Brief:
Retype nothing except the lines below from the one with "11/12/2018 Cantori al" through the one with "Одружився і наступного", exactly, with images left out.

Dataset records:
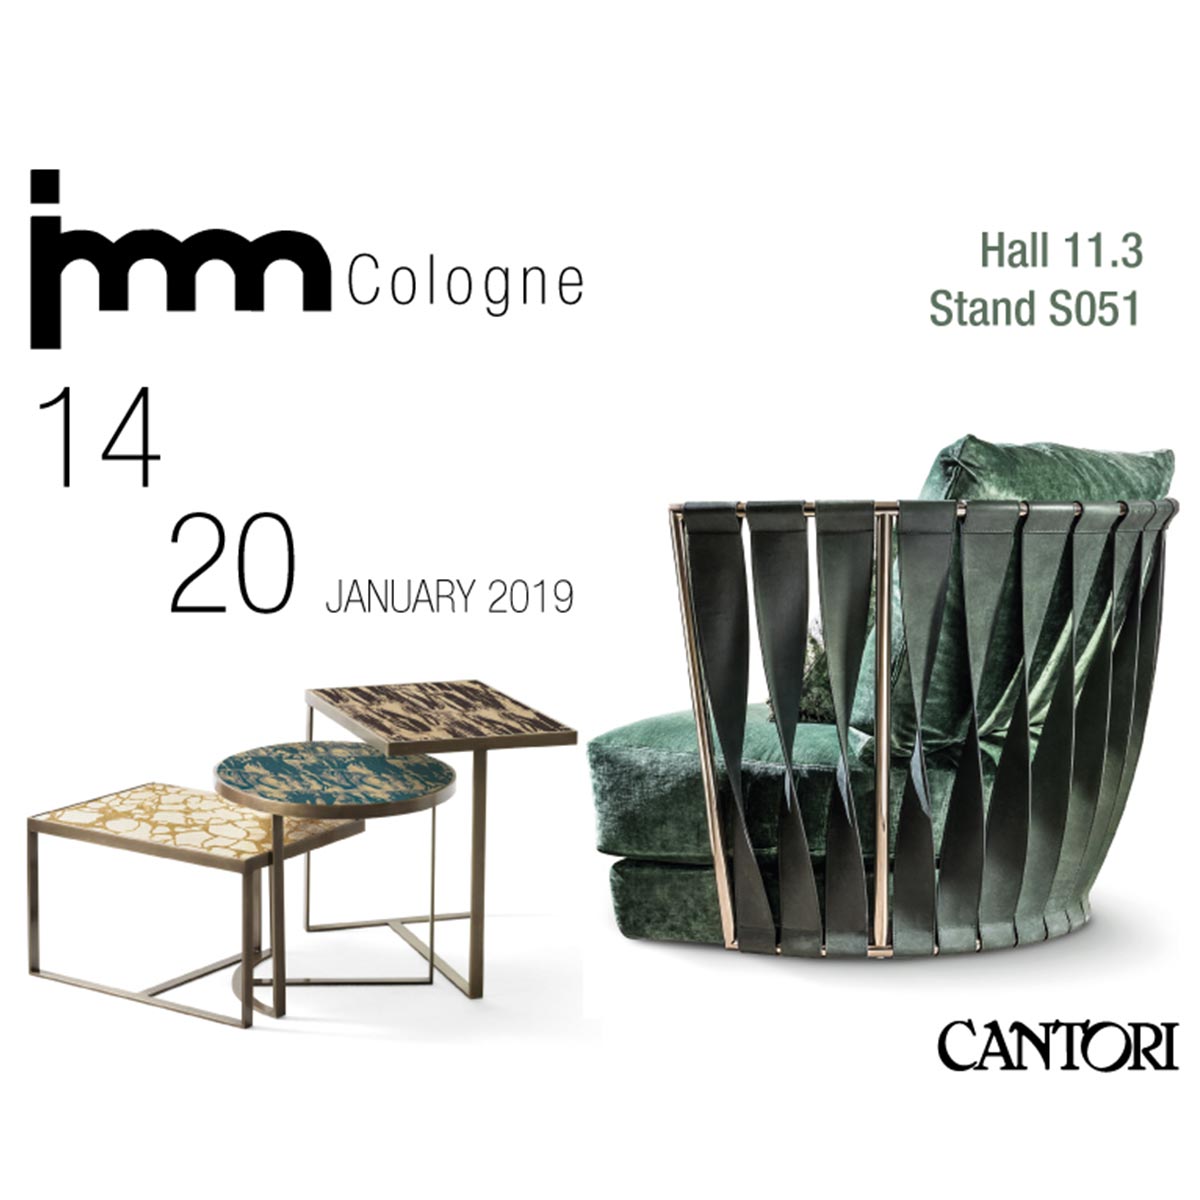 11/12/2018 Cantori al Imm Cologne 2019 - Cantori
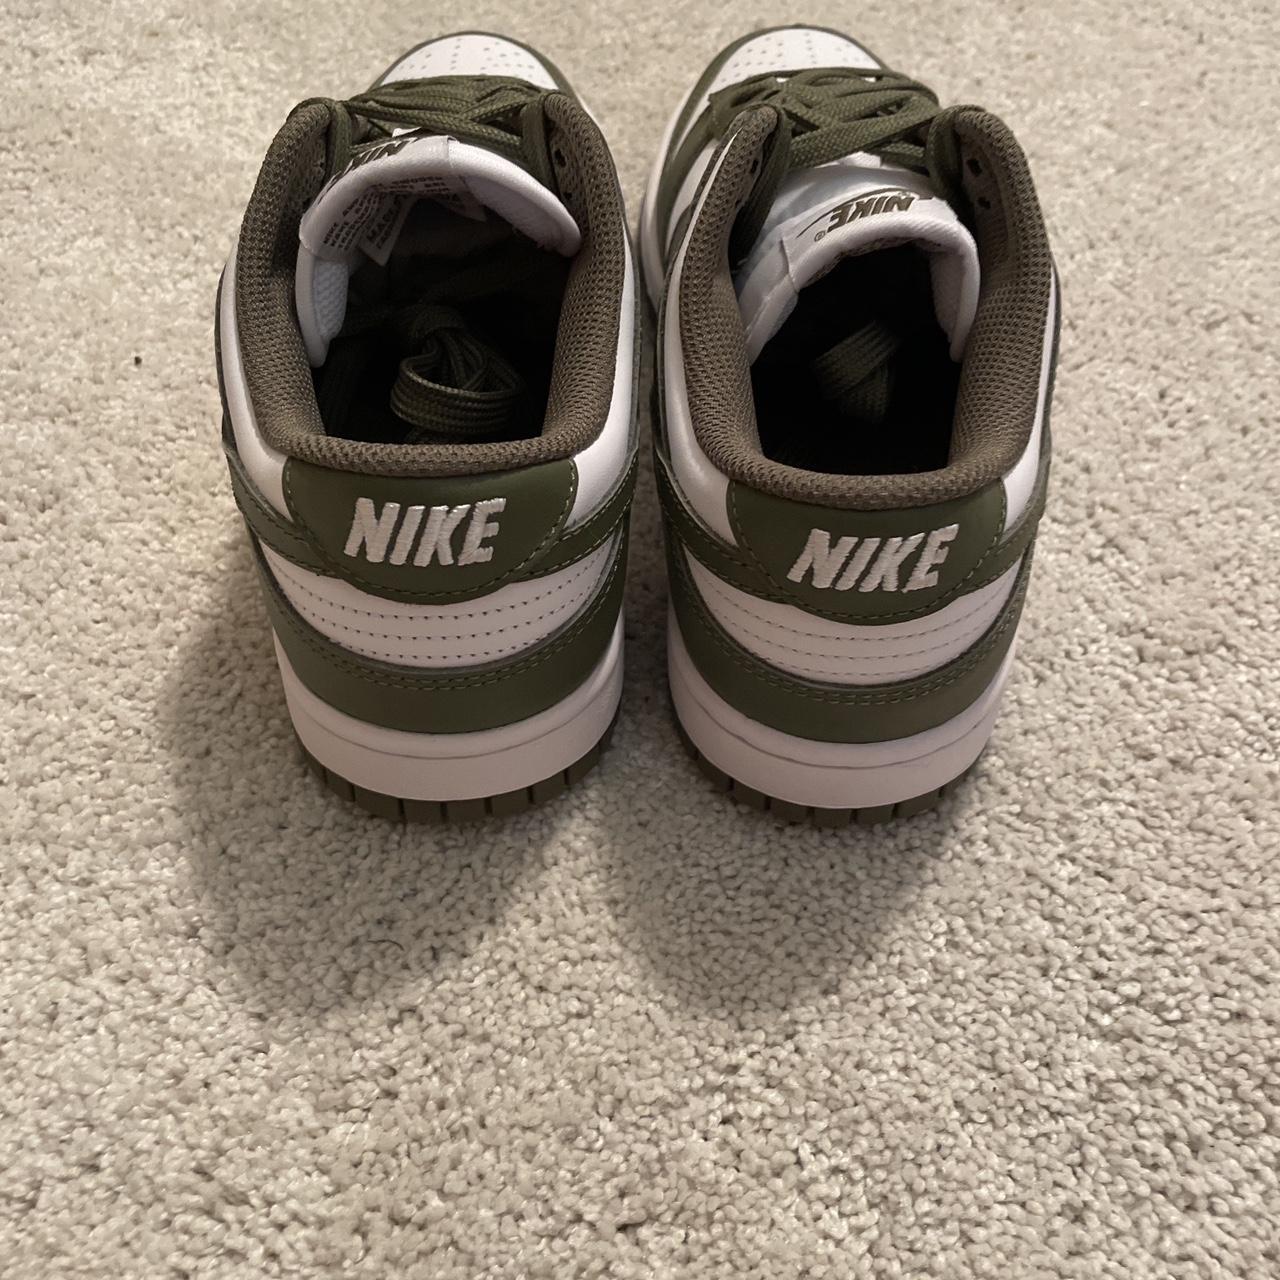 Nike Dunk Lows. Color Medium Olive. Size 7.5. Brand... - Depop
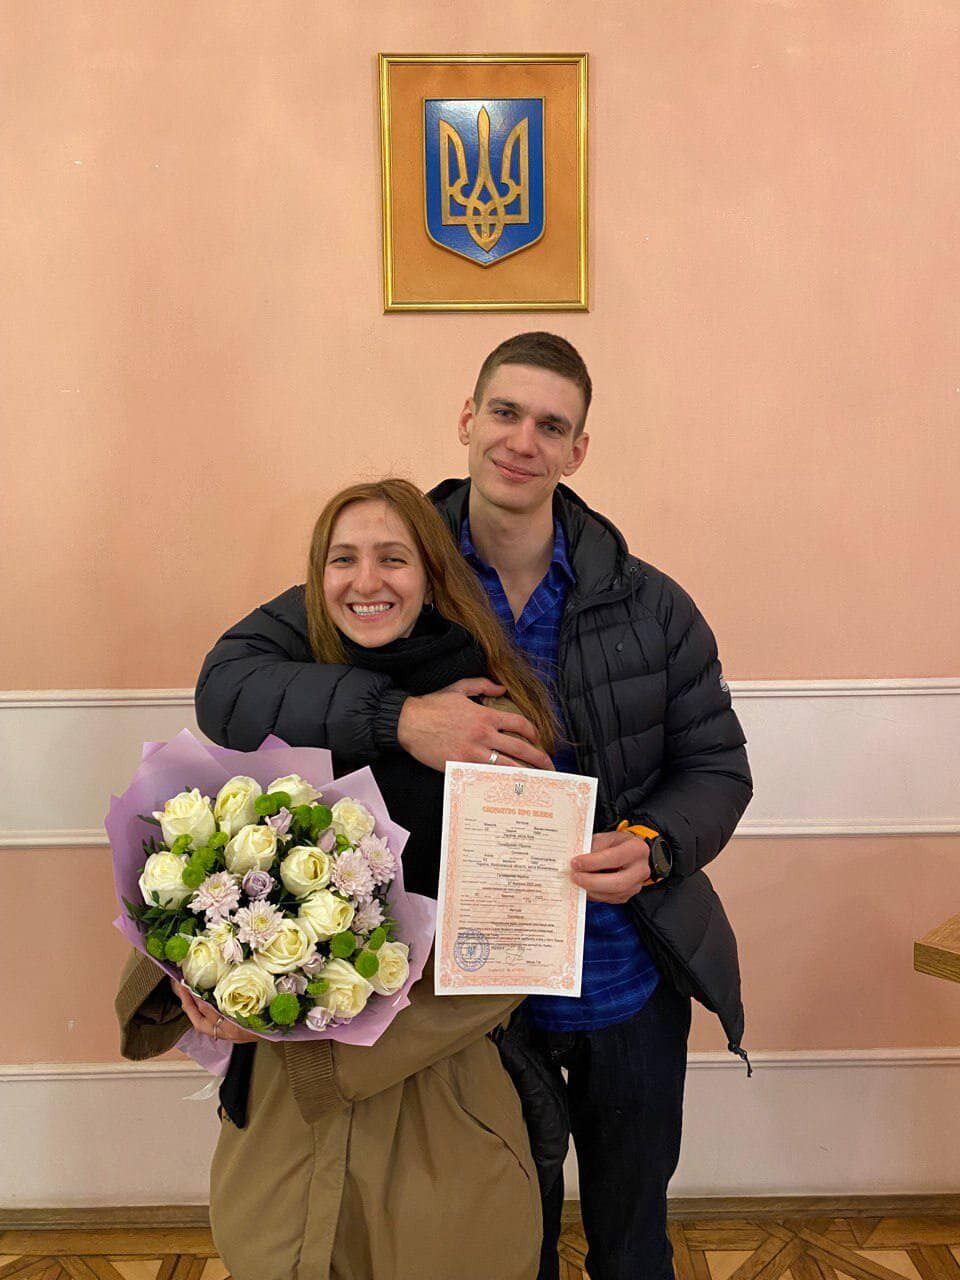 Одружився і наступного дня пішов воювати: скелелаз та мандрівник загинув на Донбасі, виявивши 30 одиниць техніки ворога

--

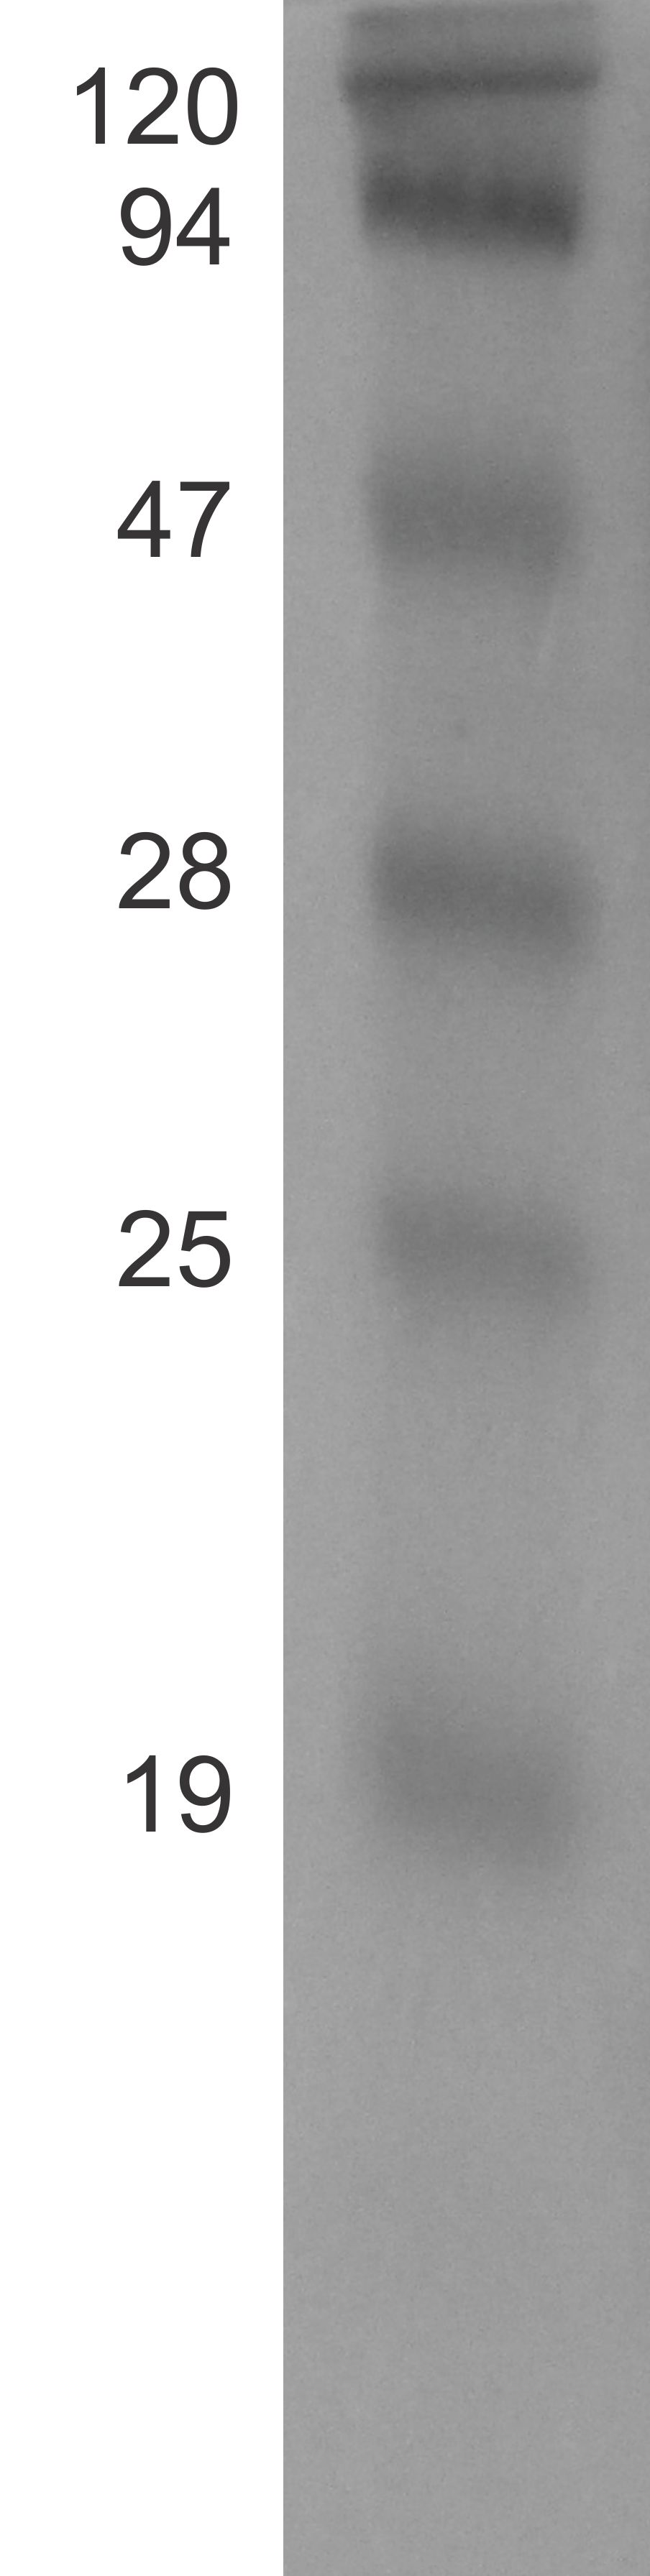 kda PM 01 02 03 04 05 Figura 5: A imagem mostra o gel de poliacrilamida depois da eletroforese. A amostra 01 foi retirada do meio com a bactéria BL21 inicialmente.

Exercise solution:
 11/12/2018 Cantori al Imm Cologne 2019 - Cantori
 Nike Dunk Lows. Color Medium Olive. Size 7.5. Brand... - Depop
 Одружився і наступного дня пішов воювати: скелелаз та мандрівник загинув на Донбасі, виявивши 30 одиниць техніки ворога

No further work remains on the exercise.